Students may only gain credit for one of 620-221 and 620-252.

One of [01]620-112, 620-122, 620-142, [99]620-200, 620-211, and one of 620-113, 620-123, 620-143, [98]620-130, [98]620-132.

Note: [98]620-142 is not sufficient to enrol in this subject.

This subject deals with convergence of sequences and series; elementary topology of the real line; the fundamentals of continuity, differentiability of functions of several real variables; analytic functions of a complex variable; complex derivative; power and Laurent series in complex variables; basic topological concepts in the complex plane; and Cauchy's theorem and its applications. Students completing this subject develop the ability to determine the convergence or otherwise of sequences and series; differentiate functions of a complex variable; calculate contour integrals; work with analytic functions in the cut plane; and apply Cauchy's integral formula and the residue theorem. The subject demonstrates the differences between functions of a real and a complex variable; and the role of complex analytic methods in solving important problems in science and engineering.

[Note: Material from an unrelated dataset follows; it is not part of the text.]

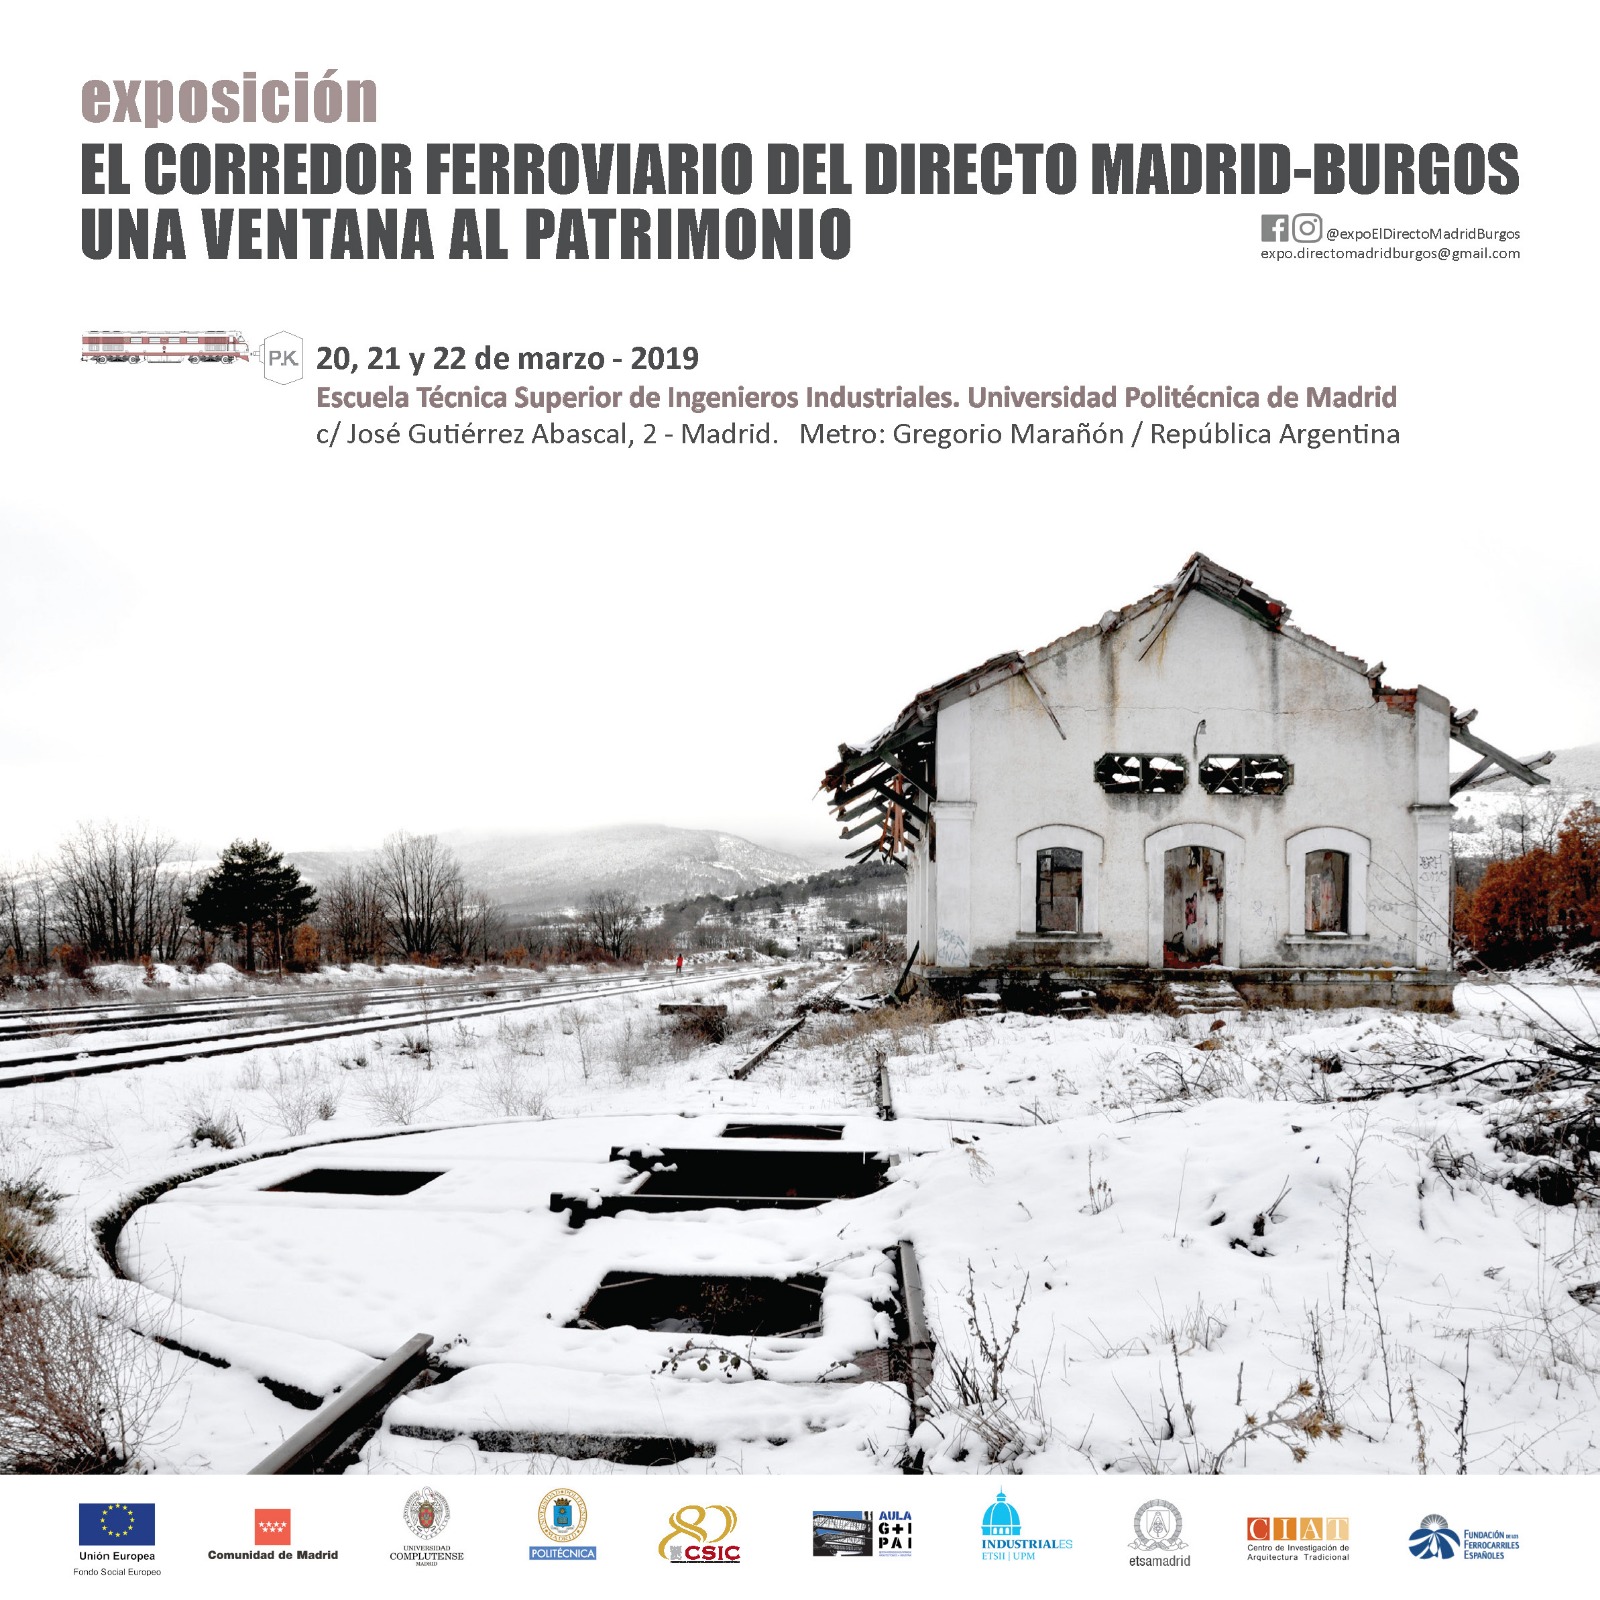 Se inaugura la exposición "El corredor ferroviario del directo Madrid-Burgos"
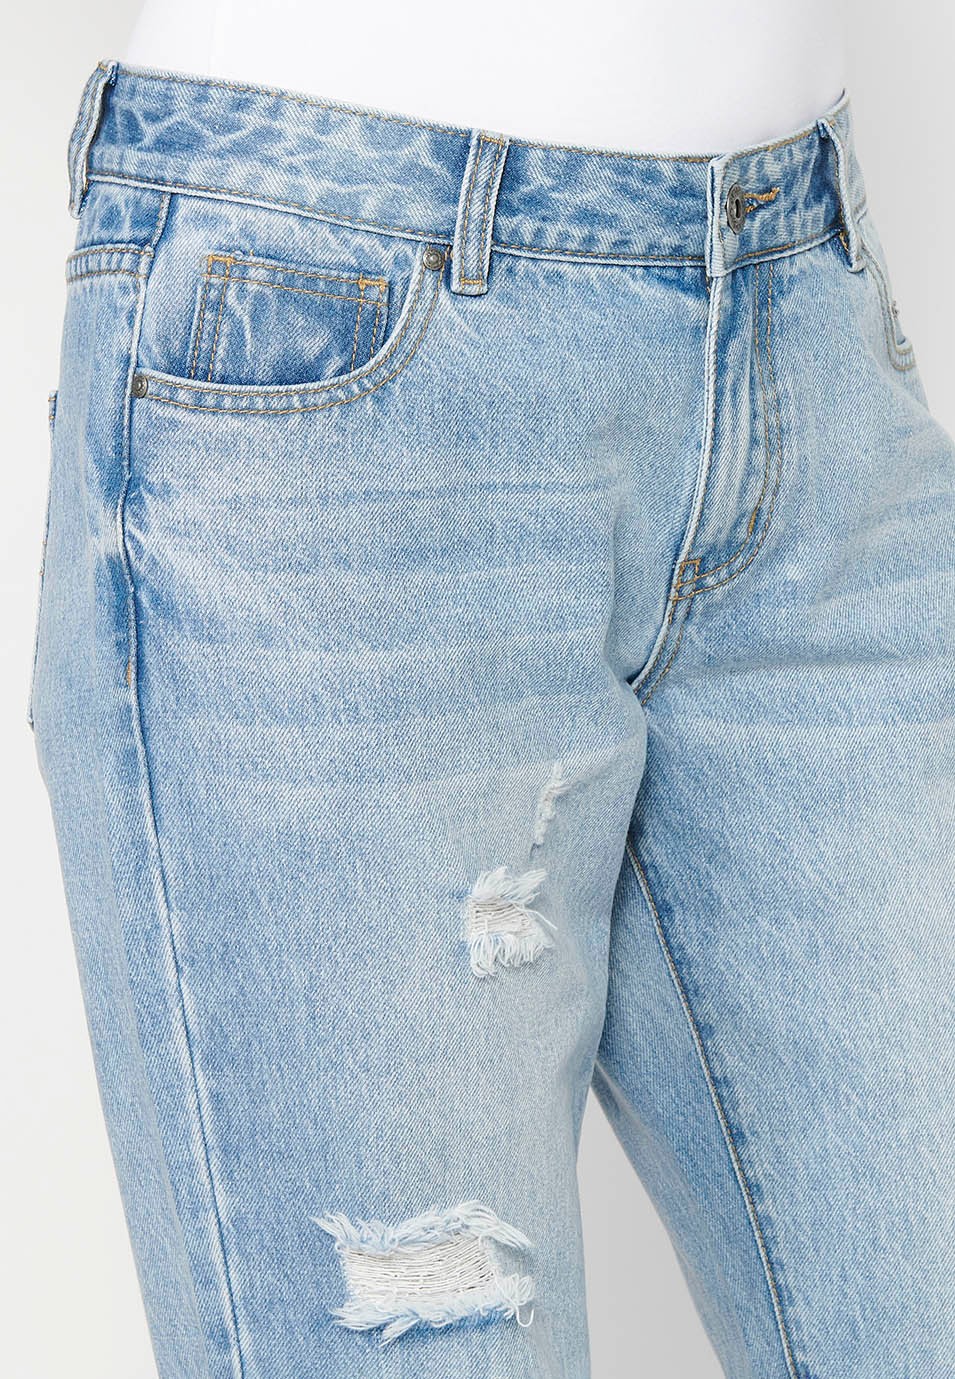 Pantalons llargs rectes amb detalls de trencats davanters color blau per a dona

Sequences and series topics include standard sequences and series, Cauchy convergence, ratio and n^th root tests, absolute and conditional convergence, re-arrangements, and power series. Continuity topics include continuity and differentiability of functions of several real variables. Functions of a complex variable topics include elementary functions of a complex variable, branches; differentiation, analytic functions, and Cauchy-Riemann equations. Integration topics include line and contour integrals, Cauchy's integral theorem; Laurent series; singularities, poles, Liouville's theorem; residue theorem, limiting contours, and evaluation of integrals using contour integration.

Up to 24 pages of written assignments; a 3-hour end-of-semester written examination and class tests totalling not more than 1.5 hours.